**GIVEN INFORMATION:**
........
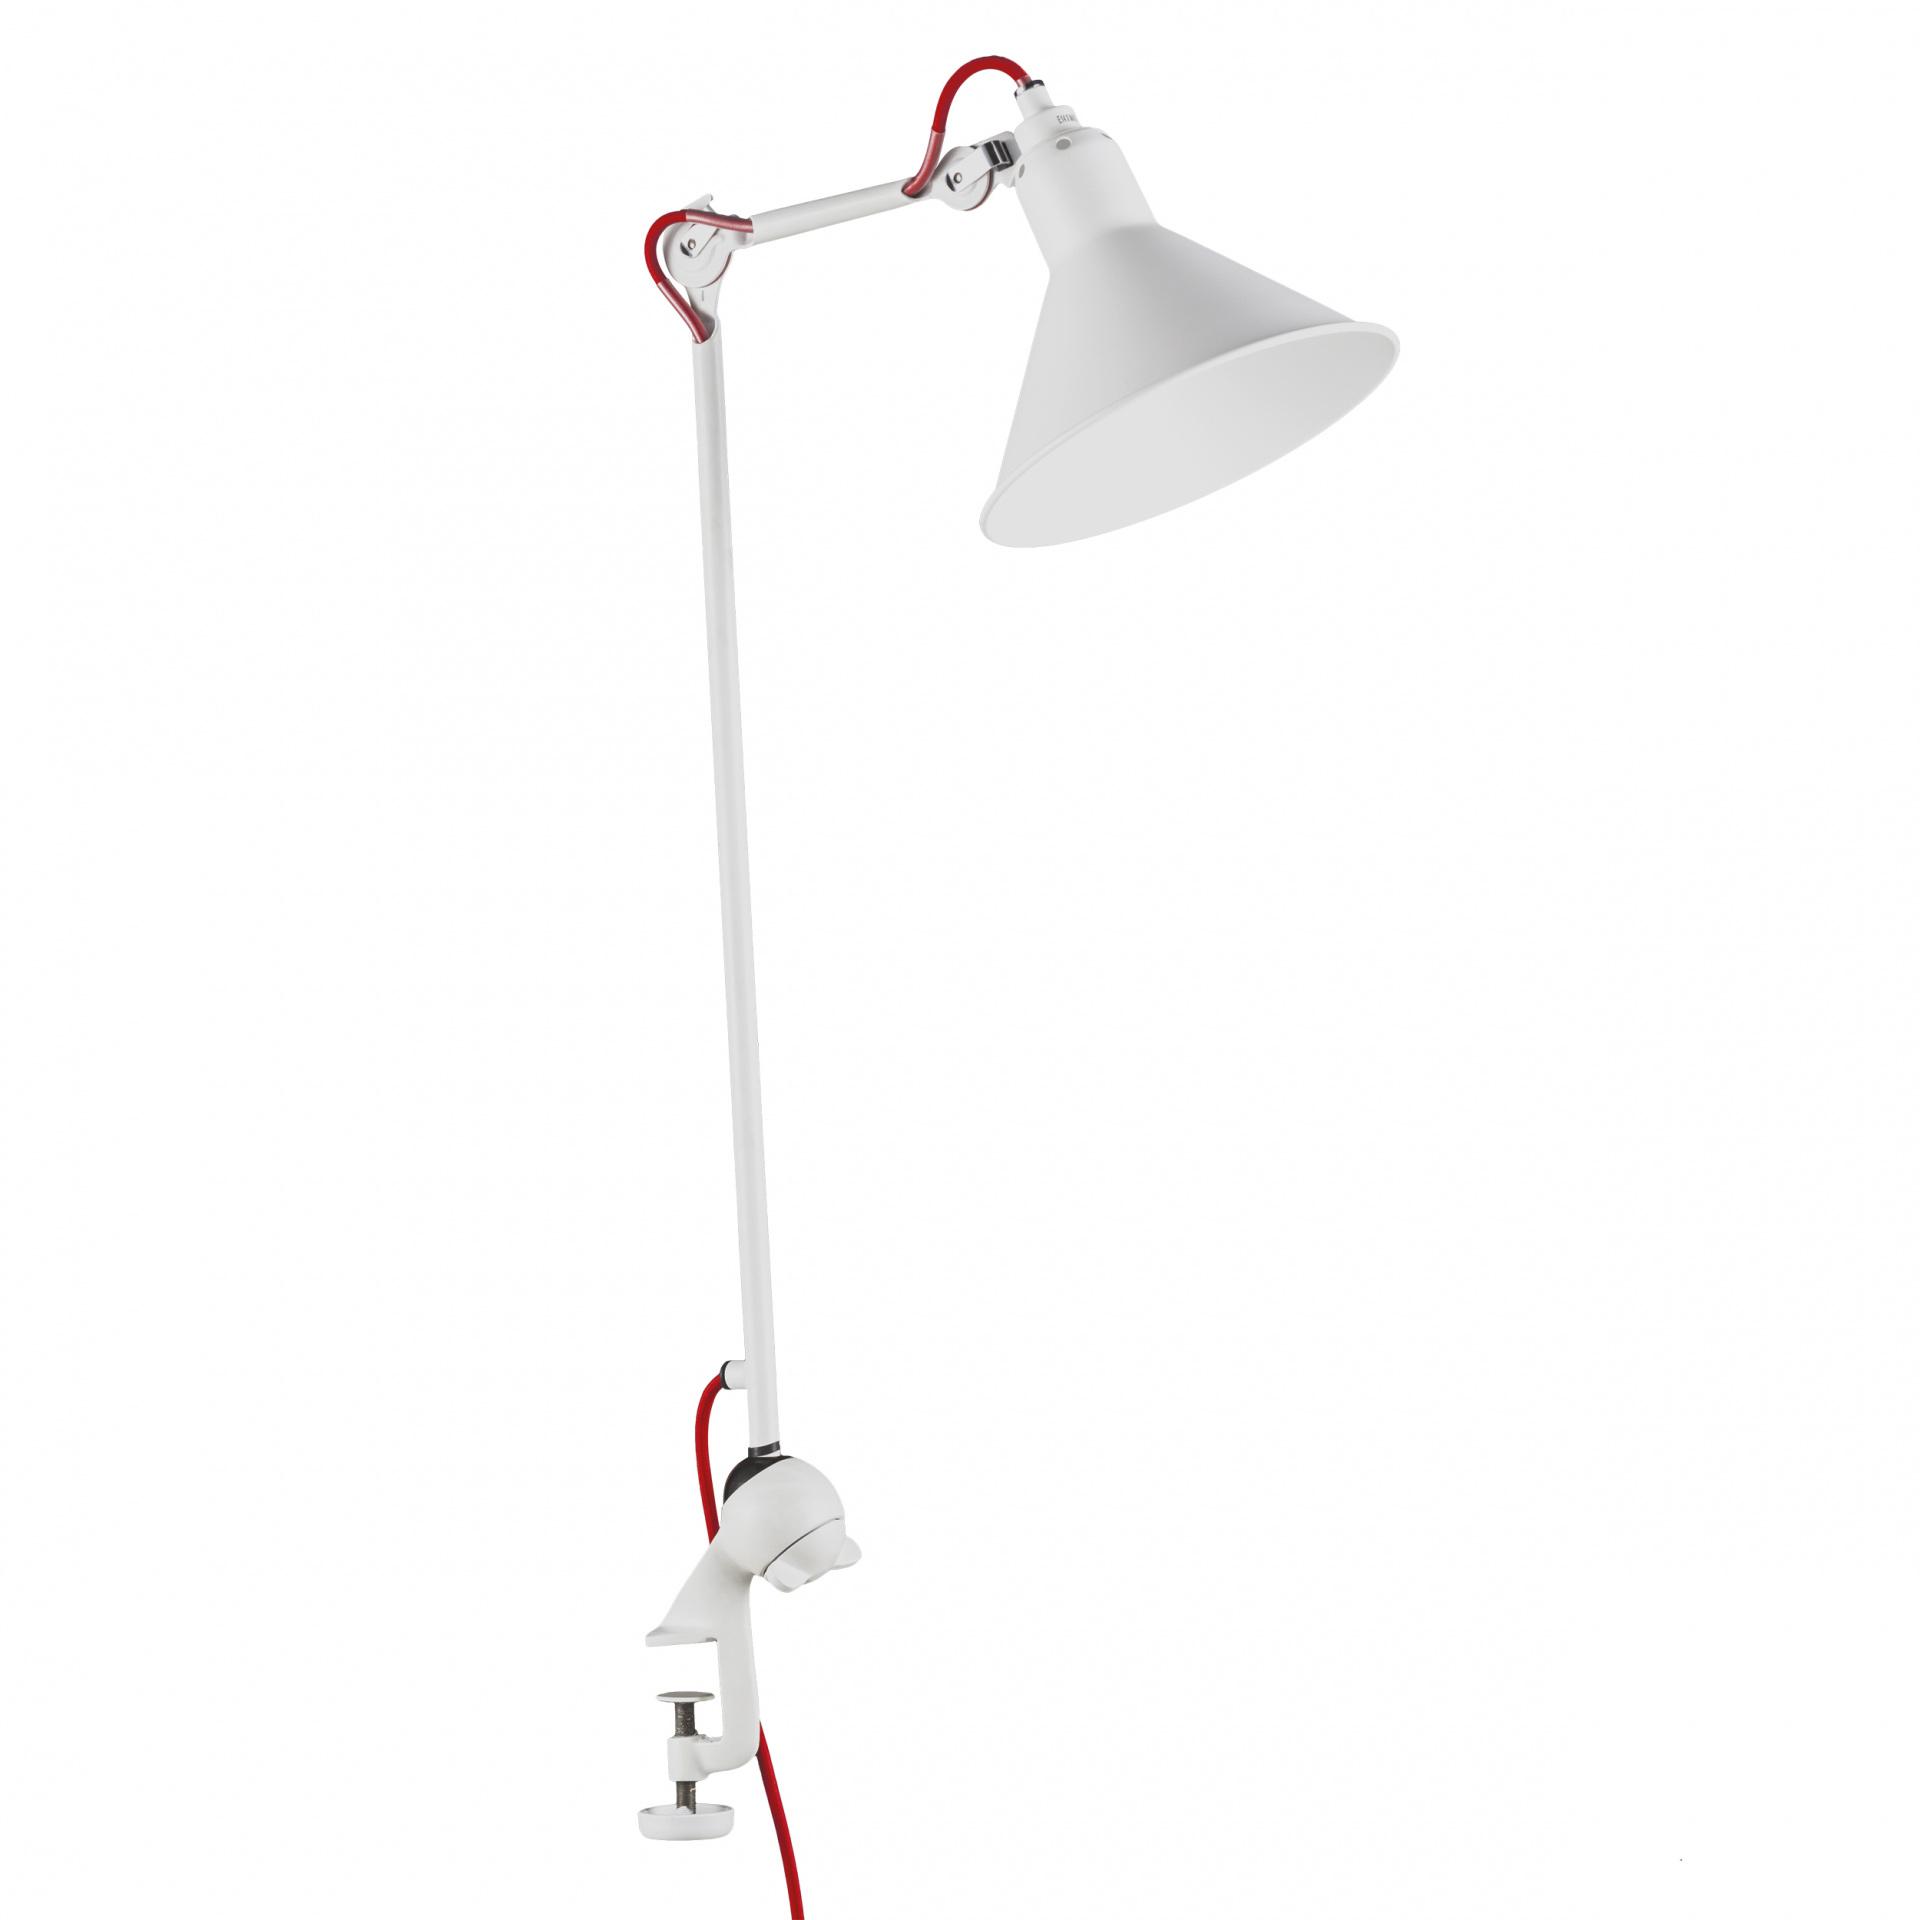 Настольная лампа Loft 1х40W E14 белый Lightstar 765926, купить в СПб, Москве, с доставкой, Санкт-Петербург, интернет-магазин люстр и светильников Starlight, фото в жизни
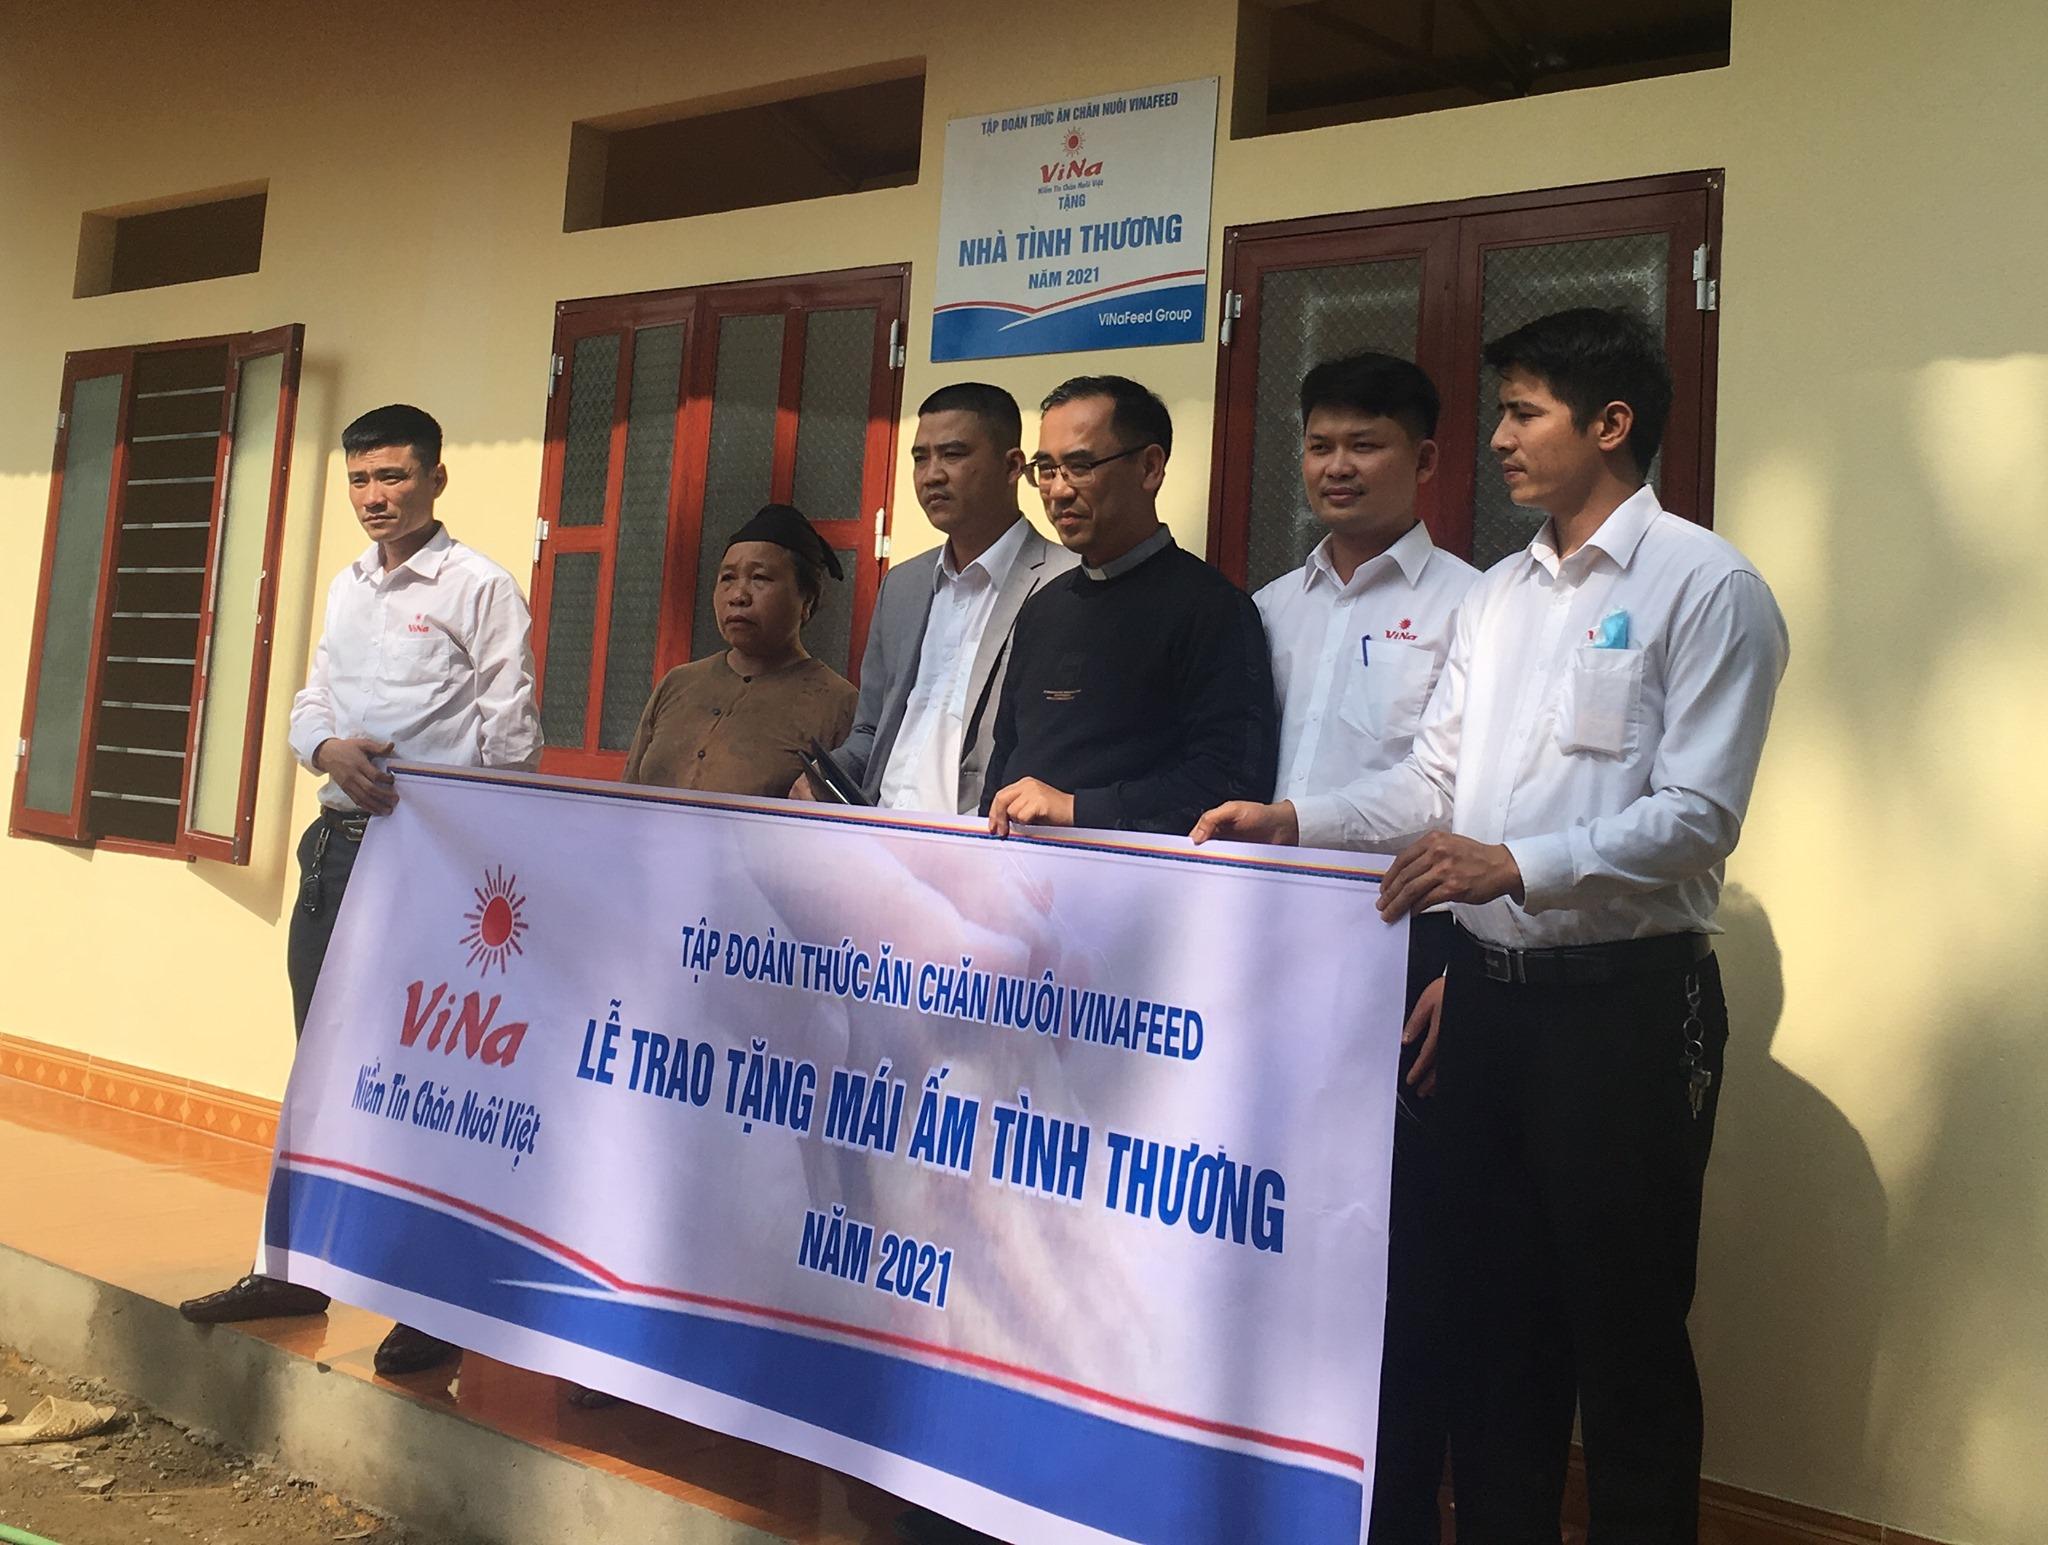 Tập đoàn thức ăn chăn nuôi Vina tổ chức Lễ bàn giao nhà tình thương tại huyện Lang Chánh – Thanh Hóa năm 2021
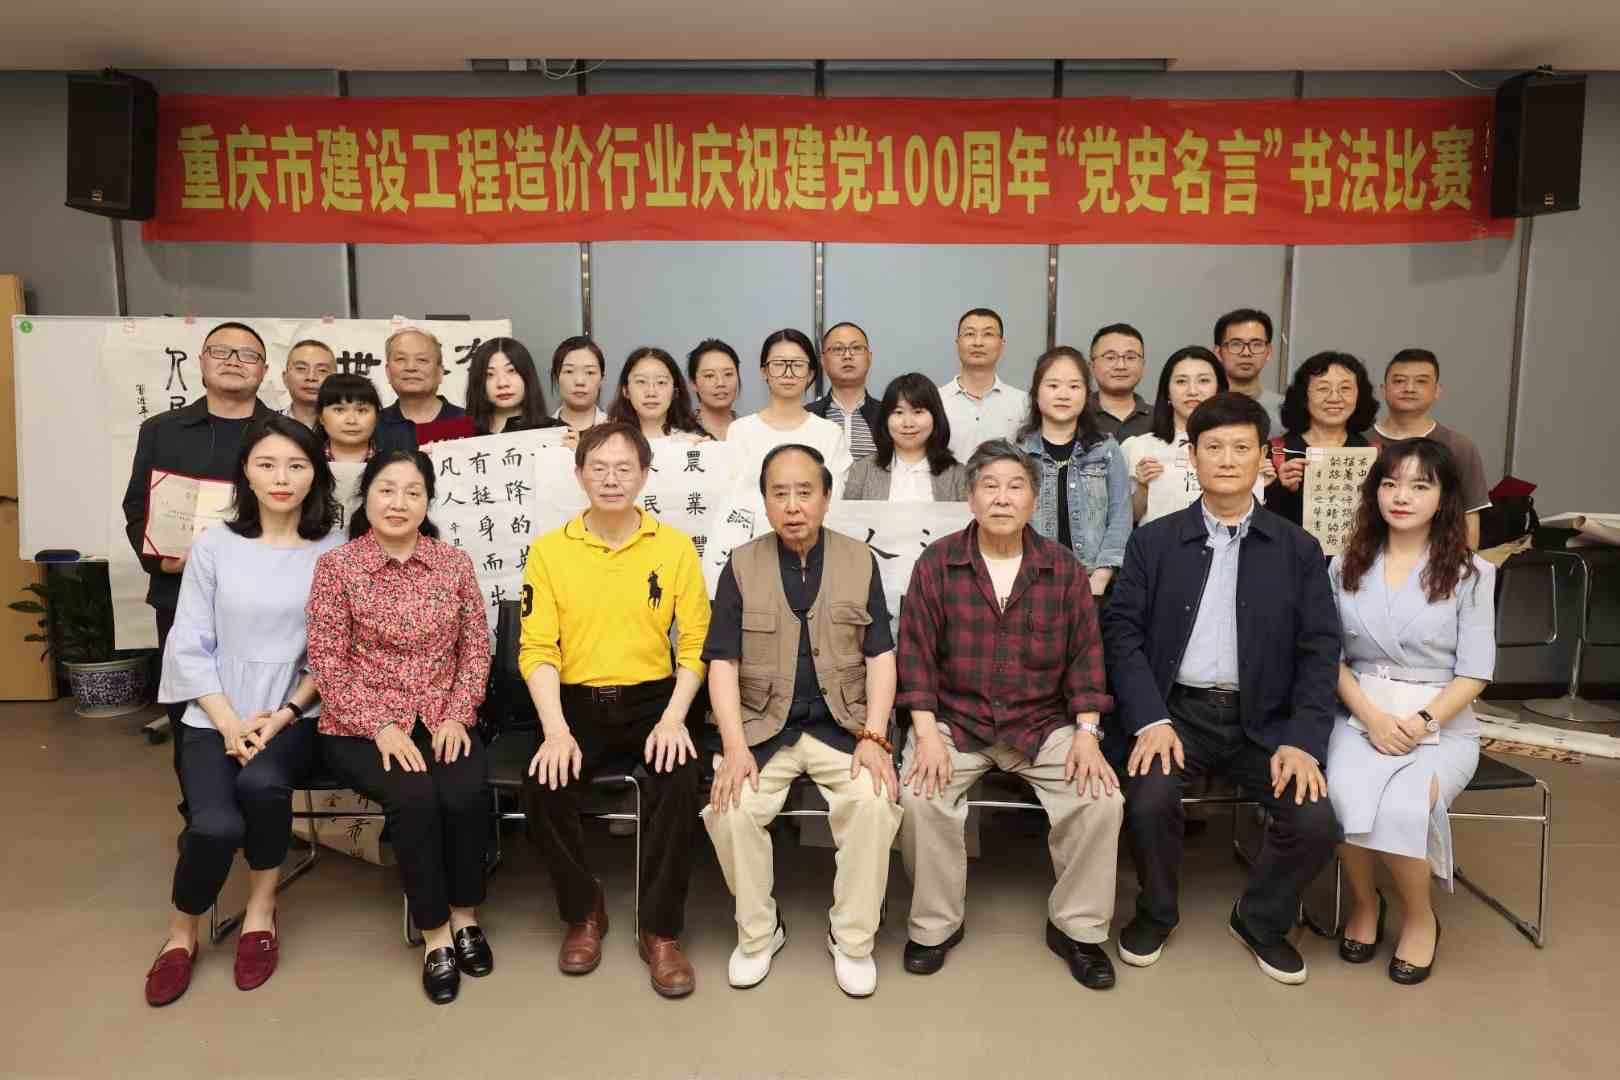 """重庆市建设工程造价行业庆祝建党100周年""""党史名言""""书法比赛圆满结束 获奖名单出炉"""
........
**WORK TO COMPLETE:** When you retype the listing above, keep each line exactly as written and drop the pictures.

**REPLY:**
 Настольная лампа Loft 1х40W E14 белый Lightstar 765926, купить в СПб, Москве, с доставкой, Санкт-Петербург, интернет-магазин люстр и светильников Starlight, фото в жизни
 Tập đoàn thức ăn chăn nuôi Vina tổ chức Lễ bàn giao nhà tình thương tại huyện Lang Chánh – Thanh Hóa năm 2021
 """重庆市建设工程造价行业庆祝建党100周年""""党史名言""""书法比赛圆满结束 获奖名单出炉"""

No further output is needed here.